De Laine Kate M, Matthews Geoff, Grivell Rosalie M
Obstetrics and Gynaecology, Women's and Children's Hospital, North Adelaide, SA, Australia.
Aust N Z J Obstet Gynaecol. 2013 Aug;53(4):353-7. doi: 10.1111/ajo.12052. Epub 2013 Feb 25.
Vitamin D deficiency in pregnancy is associated with adverse events such as pre-eclampsia, primary caesarean section and vitamin D deficiency of the newborn. Vitamin D screening in pregnancy is not universal.
To evaluate the vitamin D status of pregnant women at our institution and assess the sensitivity of the current risk-based screening guideline.
A prospective audit of vitamin D levels of all women presenting for their first antenatal booking visit during 3 four-week periods (in 2009-2010) was conducted at the Women's and Children's Hospital, South Australia. The main outcome measure was 25-hydroxyvitamin D3 levels. Information was also collected on body mass index, self-reported ethnicity and whether or not vitamin D testing was indicated based on the hospital guidelines.
Four hundred and seventy-two women consented to inclusion in the audit. 67.4% (318/472) were 'low-risk' according to the hospital guidelines for vitamin D screening. 46.2% of these women and 78.6% of 'high-risk' women were vitamin D deficient (<60 nmol/L).
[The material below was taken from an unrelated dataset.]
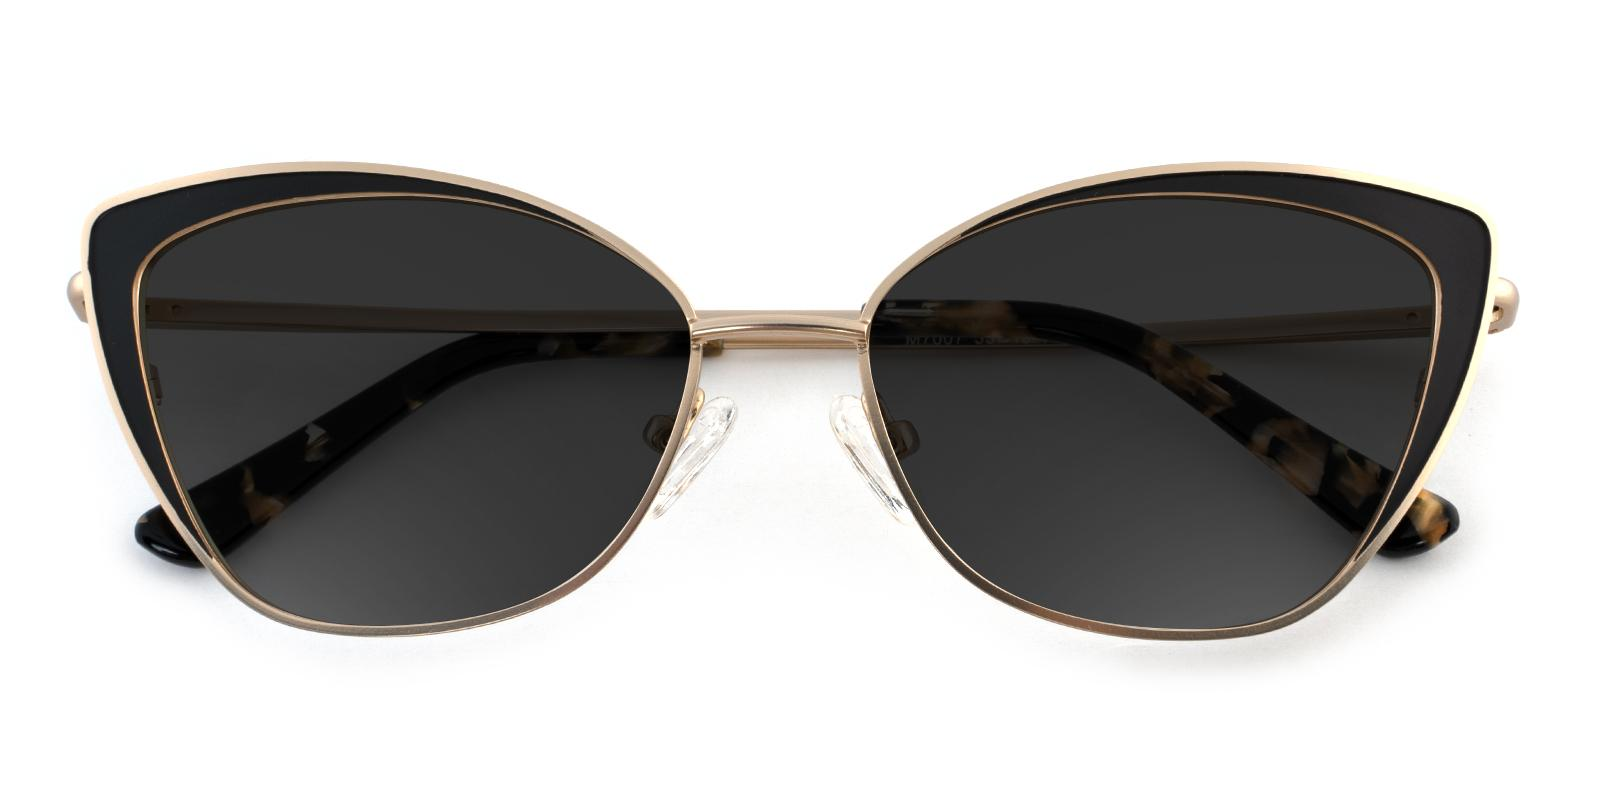 Primrose Gold Metal NosePads , SpringHinges , Sunglasses Frames from ABBE Glasses

Mean vitamin D levels were 62.7 ± 22.0 and 43.4 ± 26.3 nmol/L for low- and high-risk women, respectively. 54.9% (147/268) of women who were found to be vitamin D deficient were classified as 'low-risk' giving a sensitivity of 45% for the current risk-based screening guideline.
Based on current normal ranges for vitamin D, risk-based screening criteria for vitamin D deficiency in pregnancy fails to detect over half of vitamin D deficient women at our institution. Current South Australian guidelines should be amended in favour of universal screening of vitamin D for all pregnant patients at their booking visit.
孕期维生素D缺乏与子痫前期、剖宫产及新生儿维生素D缺乏等不良事件相关。孕期维生素D筛查尚未普及。
评估我院孕妇的维生素D状况,并评估当前基于风险的筛查指南的敏感性。
在南澳大利亚州妇女儿童医院对2009 - 2010年期间3个为期四周时段内首次进行产前检查的所有女性的维生素D水平进行前瞻性审计。主要观察指标为25 - 羟基维生素D3水平。还收集了体重指数、自我报告的种族信息以及根据医院指南是否需要进行维生素D检测的信息。
472名女性同意纳入审计。根据医院维生素D筛查指南,67.4%(318/472)为“低风险”。这些女性中有46.2%以及“高风险”女性中有78.6%维生素D缺乏(<60 nmol/L)。低风险和高风险女性的平均维生素D水平分别为62.7±22.0和43.4±26.3 nmol/L。被发现维生素D缺乏的女性中有54.9%(147/268)被归类为“低风险”,这表明当前基于风险的筛查指南的敏感性为45%。
基于目前维生素D的正常范围,孕期维生素D缺乏的基于风险的筛查标准未能在我院检测出超过一半的维生素D缺乏女性。南澳大利亚州目前的指南应修订,支持对所有孕妇在首次产前检查时进行普遍的维生素D筛查。